Closing down roads to open minds and bring communities together! This is open streets.

The series returns to various locations across Cape Town on the last day of every month from October 2018 to April 2019, taking a break in December.


In 2018, the popular Open Streets Days take place in Woodstock on 28 October and Bellville on 25 November. The series starts again in 2019, with Open Streets City Centre on 27 January, Langa on 24 February and Mitchells Plain on 31 March.

Hosted by Open Streets Cape Town, in partnership with the City of Cape Town, the car free days form part of a citizen-led movement to encourage people to claim streets as public space, helping to bridge Cape Town’s social and spatial divides.

Rebecca Campbell, Open Streets Operations Manager explains the rationale behind returning to past locations: “Open Streets turns five this year, and the care free days have been successfully tested in these locations during that time. Local residents have expressed their support and by returning, we hope to strengthen our relationships with our partners, and create stronger connections between communities, while determining how best to scale the programme to more communities across Cape Town.”

Since the series was launched in Observatory in 2013, Open Streets Days have grown in popularity, and have brought together people from all walks of life from, and in different communities.

Thembinkosi Matika, Centre Manager at Langa Project Playground, said: “We are looking forward to participating in the upcoming edition of Open Streets and using it as a platform to highlight our existing programmes and connect with children across Langa.”

Langa has hosted three Open Streets Day. Bellville has hosted two Open Streets Days, which closed streets to cars on Kruskal Avenue and Voortrekker Road in 2015 and 2016 respectively.

Abdullahi Ali Hassan, Vice Chair of Somali Business Association, said: “I am thrilled to hear Open Streets will return to Bellville.

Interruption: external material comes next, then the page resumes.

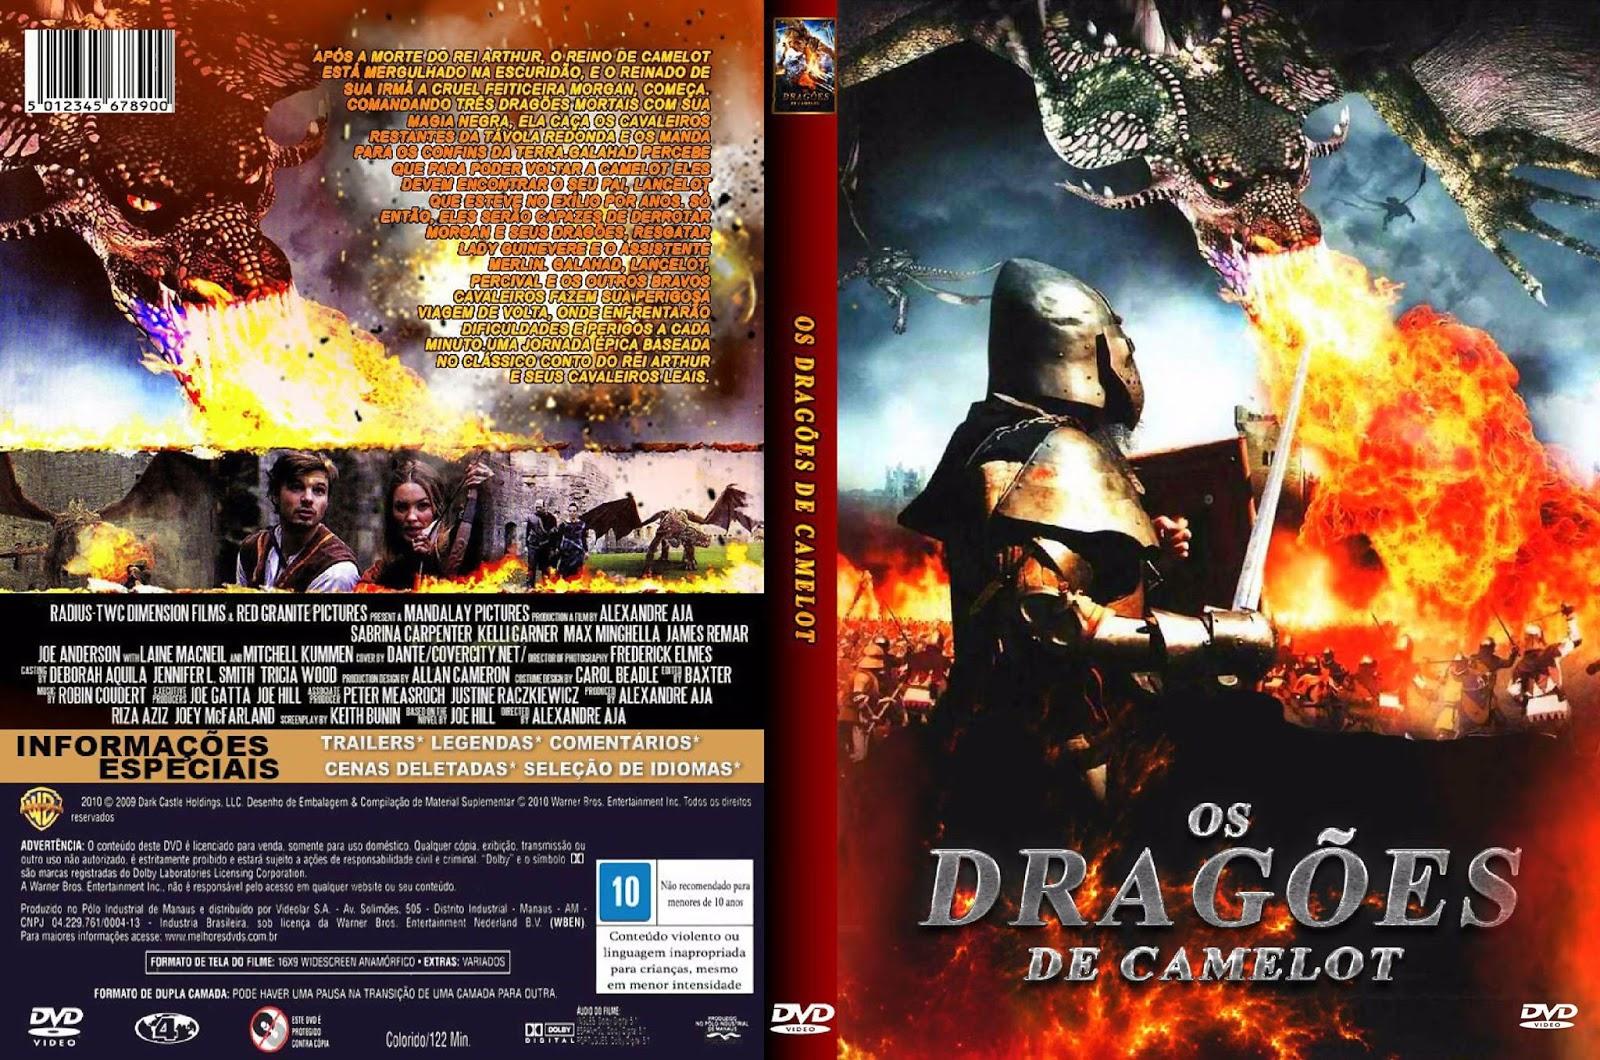 Os Dragões de Camelot DVD-R Os 2BDrag 25C3 25B5es 2BDe 2BCamelot
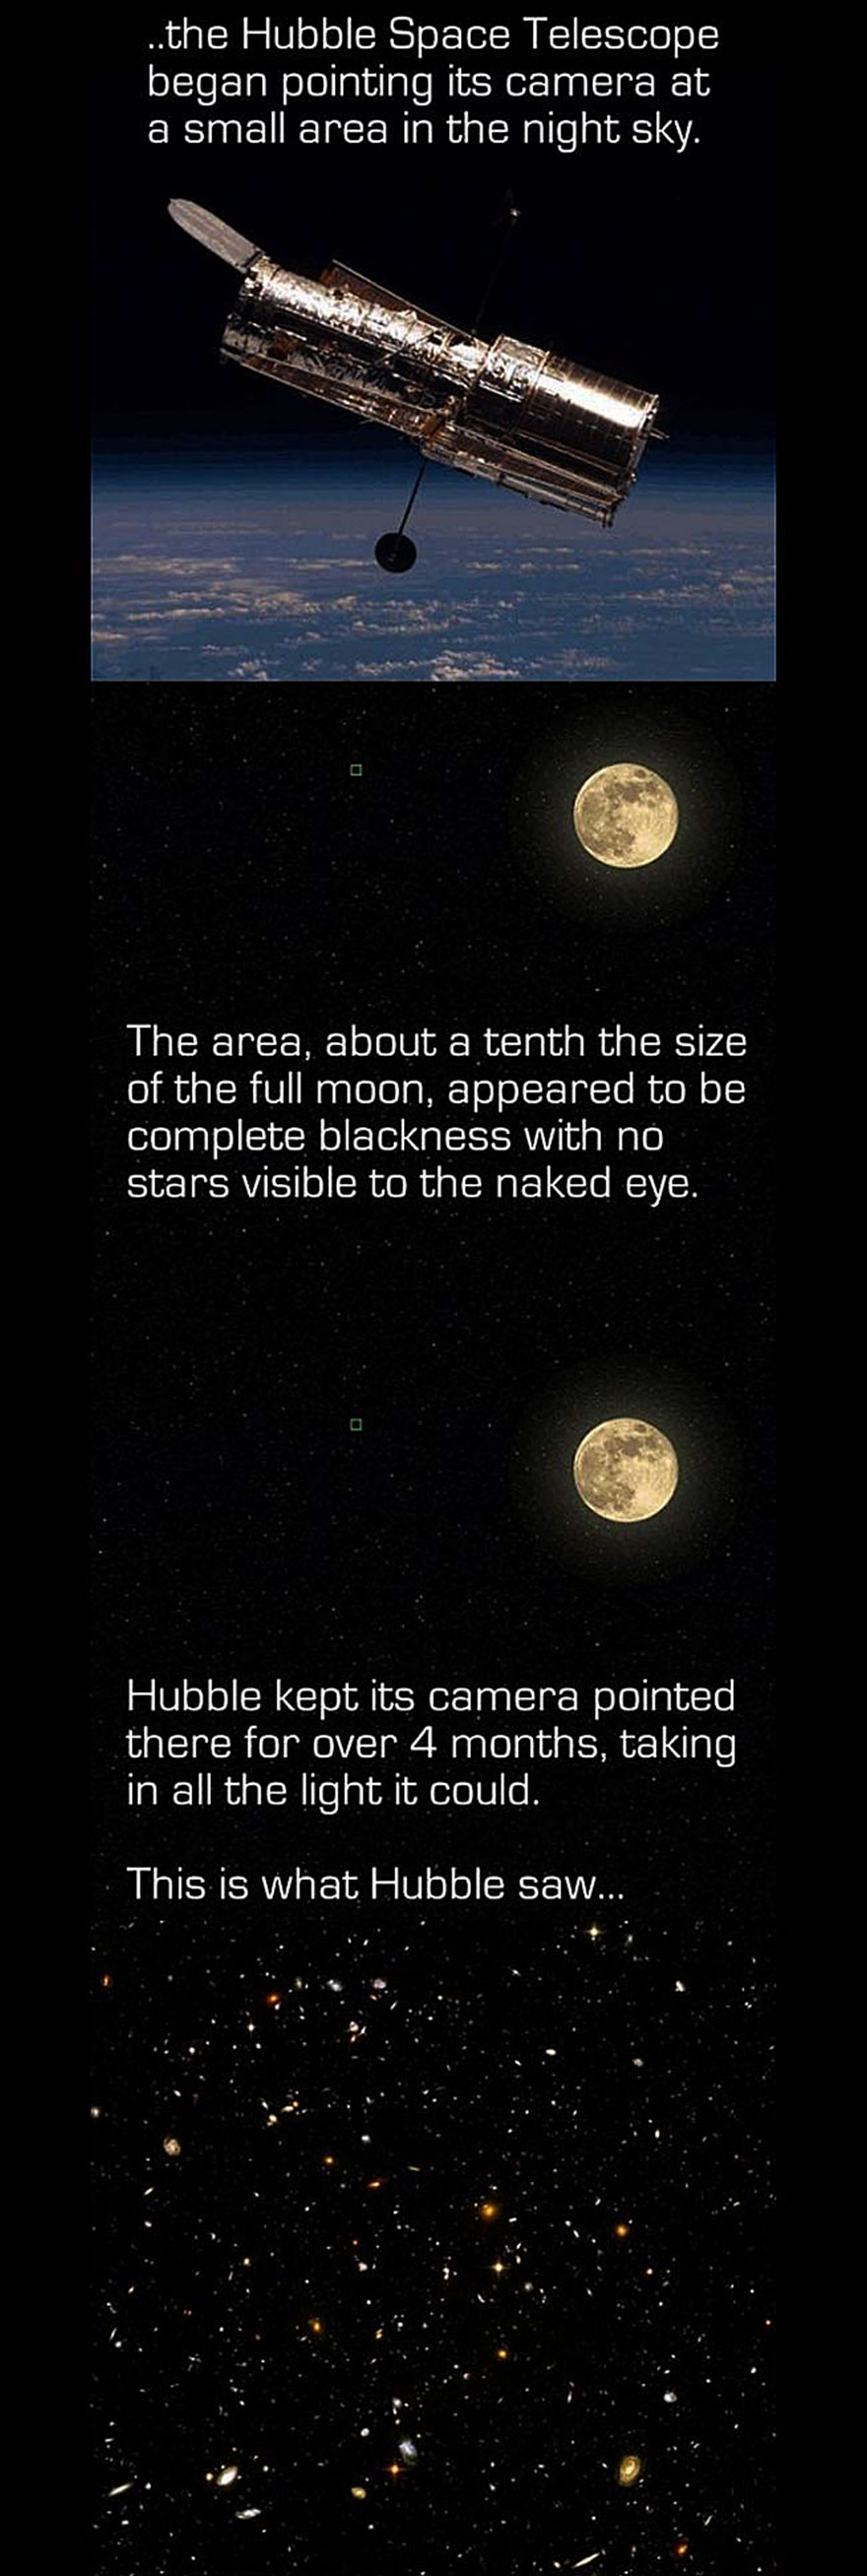 Space-Telescope-camera-sky-earth-moon

The two experiences we have had thus far have shown the potential this programme has in bridging the divide among the different communities who inhabit this part of the city. I look forward to taking an active role in bringing new energy into the upcoming Open Streets Day in Bellville”

The 2017-2018 season tested longer stretches of road, along Main Road from Observatory to the City Centre and Eisleben Road in Mitchells Plain. In the 2018-2019 season, the focus will shift to shorter, more compact Open Streets routes, with parallel activities that promote non-motorised transport. Now in its fifth year, the programme continues to build public support among local residents as well as the private and public sector across Cape Town.

Open Streets was also recently recognised as a winner in the Transformative Urban Mobility Initiative (TUMI) Challenge, awarded at the recent Women Mobilise Women Conference, a side event of the International Transport Forum, held in Leipzig, Germany, in May 2018.

Referring to the return of Open Streets to the Cape Town CBD, Tasso Evangelinos, CEO of the Cape Town Central City Improvement District, said: “Open Streets is a powerful opportunity to demonstrate the potential of a CBD that belongs to everyone. We are looking forward to working not only with the organisers but with all the businesses and interested residents in the area to ensure this is another successful Open Streets Day”

Clifford Chateau, Principal of Duneside Primary School in Mitchells Plain, said: “Earlier this year, Open Streets enabled us to connect our school with the street and this is something I want to see happen on a regular basis. The next Open Streets Day in Mitchells Plain will be a great opportunity to consolidate the support and attract more youth to take a proactive role in the programme. It also provides a valuable platform for community organisations to showcase their projects.”

Says Bevel Lucas of the Woodstock Residents’ Association: “I’m thrilled to learn there will be another Open Streets in Woodstock. I love how the event brings people from so many walks of life together – including the diverse immigrant community in the area – to walk, play, cycle, dance, skate and laugh.. It’s wonderful to walk down the middle of main road and see the neighbourhood with new eyes: admiring architecture I hadn’t noticed, bumping into friends and neighbours along the way, and experiencing what it could be like if streets were for people, not just cars. Can’t wait for October!”